В рамках концепции двойственности Маяковского и его лирического героя, помимо мнений, усматривающих в ее основе оппозицию «грубость – мягкость», существовал ряд точек зрения, выводивших раздвоенность образа поэта из противоречий между «Маяковским-поэтом» и «Маяковским-человеком». Мнения эти отказывались искать причину двоякости в личностных качествах поэта и находили ее в принимаемой им установке на социальную значимость собственного поэтического дара. Ю. Анненков находил слишком глубокой пропасть между двумя сущностями Маяковского – поэтом и человеком, ощущавшуюся настолько явно, что даже рядовой слушатель мог уловить искусственность первой. «Маяковский-поэт шел рядом с Маяковским-человеком, – писал Анненков, – они шли бок-о-бок, почти не соприкасаясь друг с другом. … Это ощущение становилось порой настолько реальным, что, разговаривая с Маяковским, я не раз искал глазами второго собеседника» («Путь Маяковского» (1960) (Анненков 1960: 78)).
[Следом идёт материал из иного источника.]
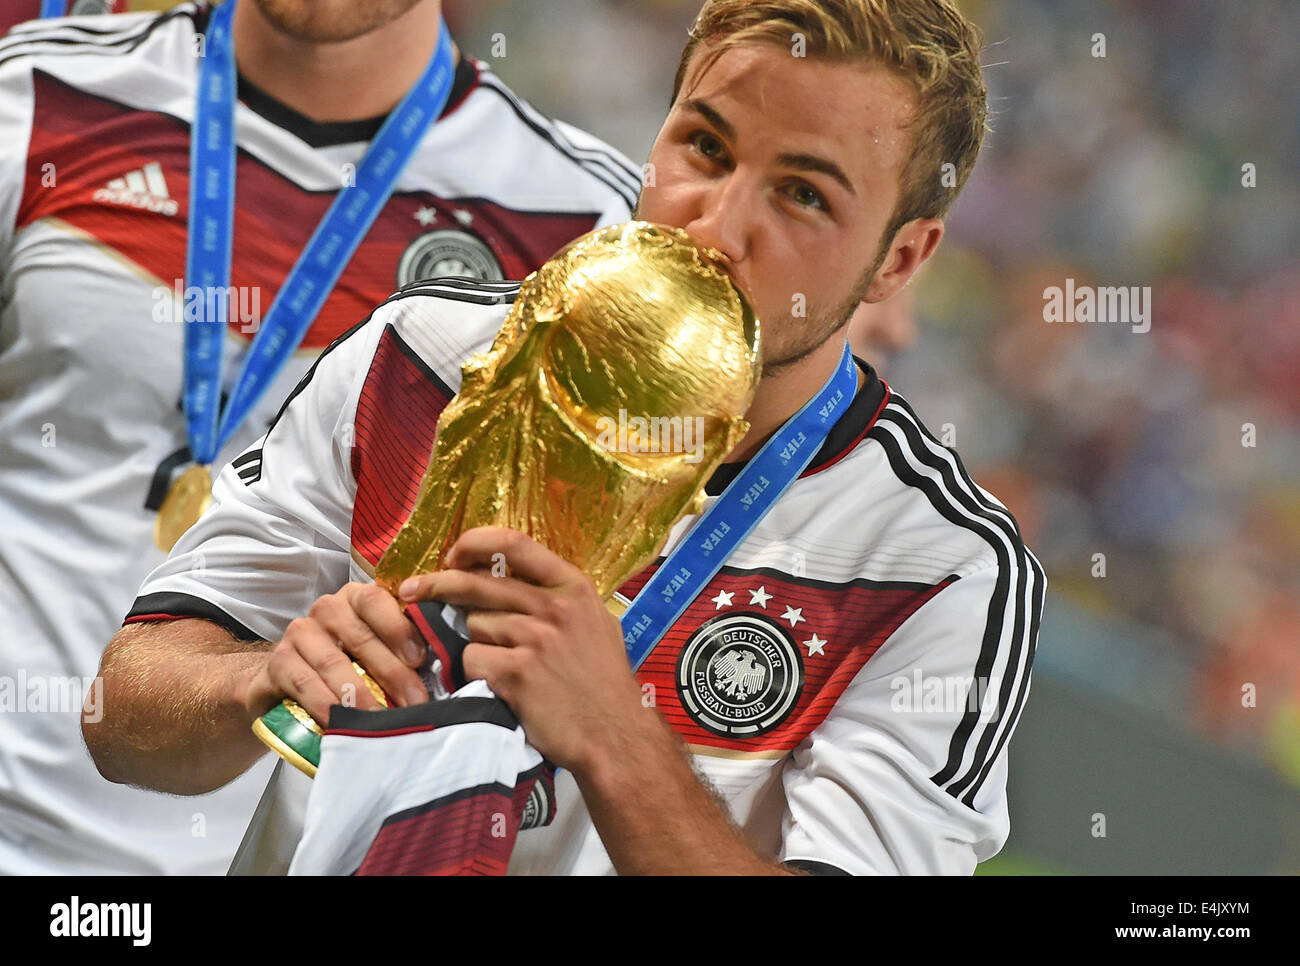 Rio de Janeiro, Brazil. 13th July, 2014. Mario Goetze of Germany kisses the World Cup trophy after winning the FIFA World Cup 2014 final soccer match between Germany and Argentina at the Estadio do Maracana in Rio de Janeiro, Brazil, 13 July 2014. Photo: Marcus Brandtt/dpa/Alamy Live News Stock Photo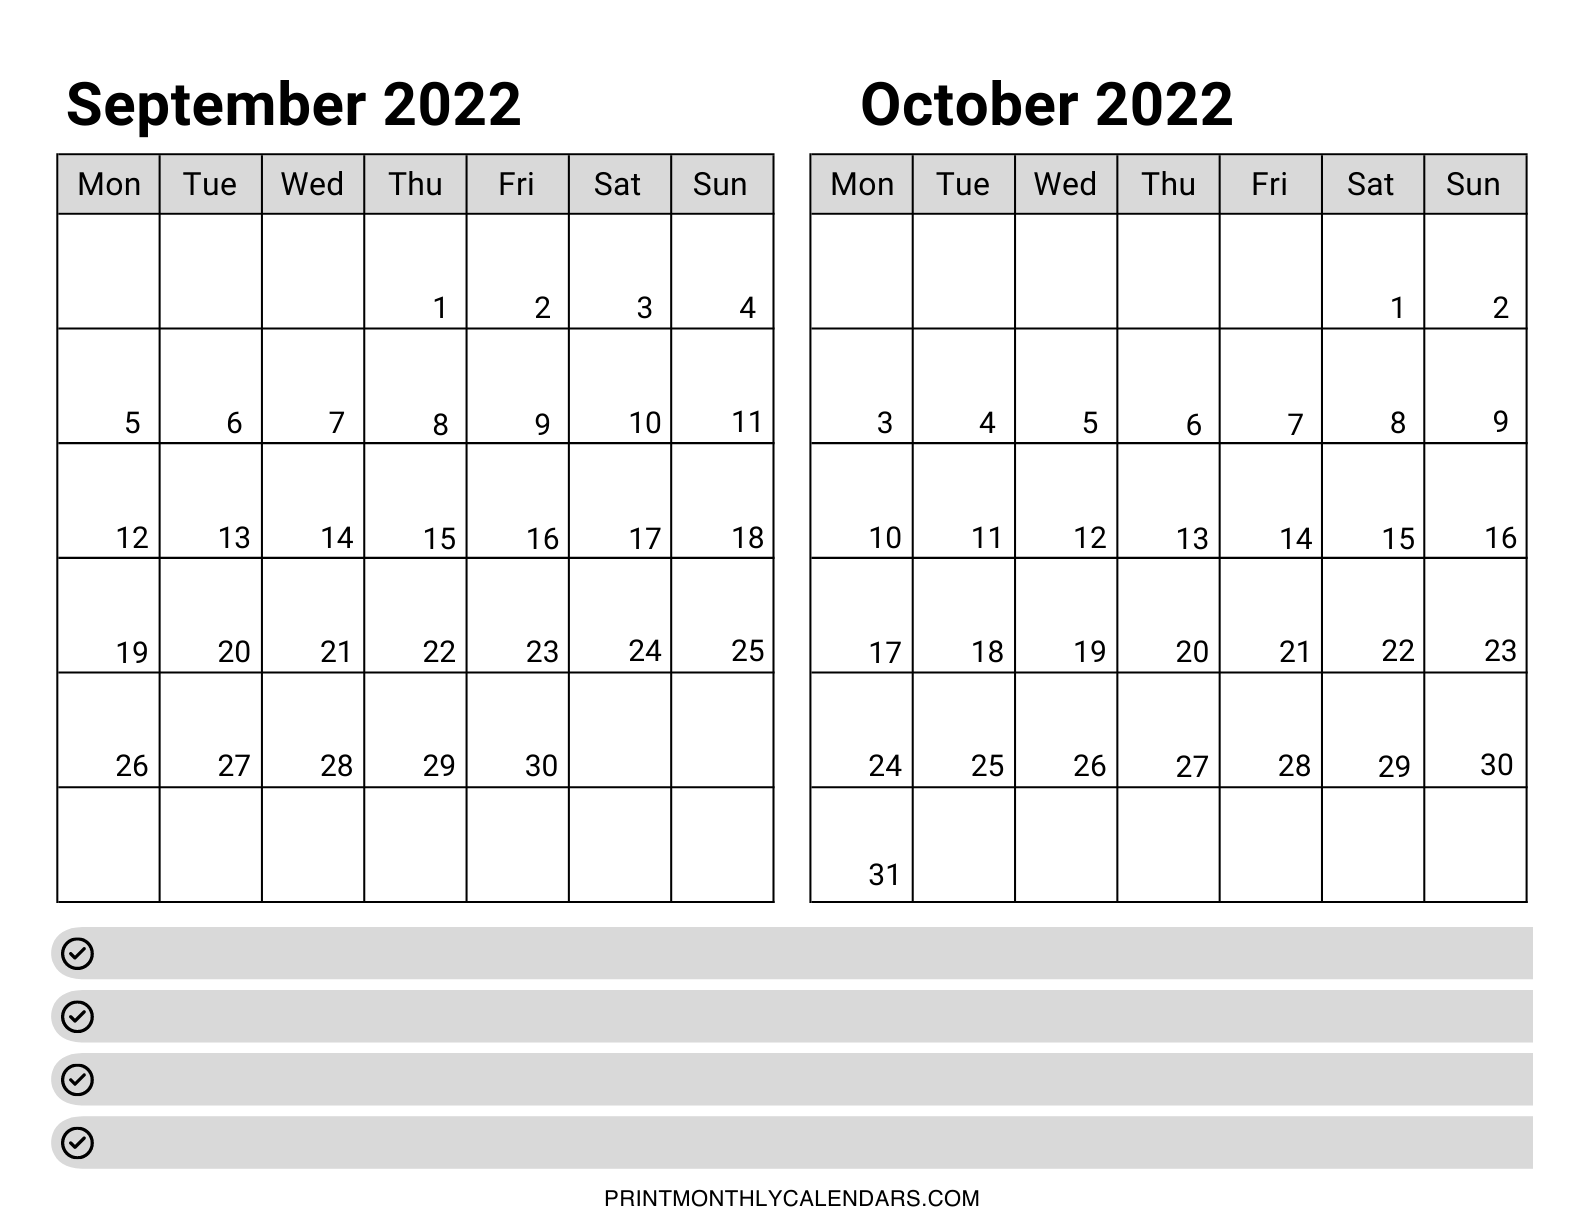 Template for September and October 2022 calendars, with weekdays starting on Monday. The monthly dates are boldly written in the grids, which are laid out in a landscape layout.

Также находя источник раздвоения сознания Маяковского в социальной установке, Ал. Михайлов, однако, не подразумевал разницы между человеческой сущностью и творческим амплуа поэта. Критик считал основой двойственности два направления, на которые разделилась уже после Октября поэзия Маяковского: «Разрушительная энергия революционера, футуриста … находила выход в сатире; энтузиазм строителя новой жизни воплощался в декларациях и лозунгах, в прославлении коммунистических идеалов» («Восстание против «отдохновенной пантомимы» (Перечитывая «Баню»)» (Михайлов 1993: 5)).

Думается, что во всех трех точках зрения на суть оппозиции, заключенной в основу двойственности поэтического образа Маяковского, есть своя правда. Но какова бы ни была природа этого противоречия, по словам В. Альфонсова, подобные крайности в характере лирического героя не предполагают взаимоисключаемости, поскольку принимаемые «мягким «я»» Маяковского «черты титанического и эпатирующего самоутверждения» (как-то: «он уникален, непримирим, беспрекословен, агрессивен»), по сути, и являют собой «все то же русское стремление достучаться до всех, …преодолеть расщепление, достичь абсолютного всемирного единства, коллективного преображения» (Альфонсов 1984: 113). И если для этой цели необходимо подавить в себе от природы «симпатичные» (термин Луначарского (Луначарский 1988: 140)) черты и стать грубым и «отвязным» – что ж, Маяковский идет на такую жертву.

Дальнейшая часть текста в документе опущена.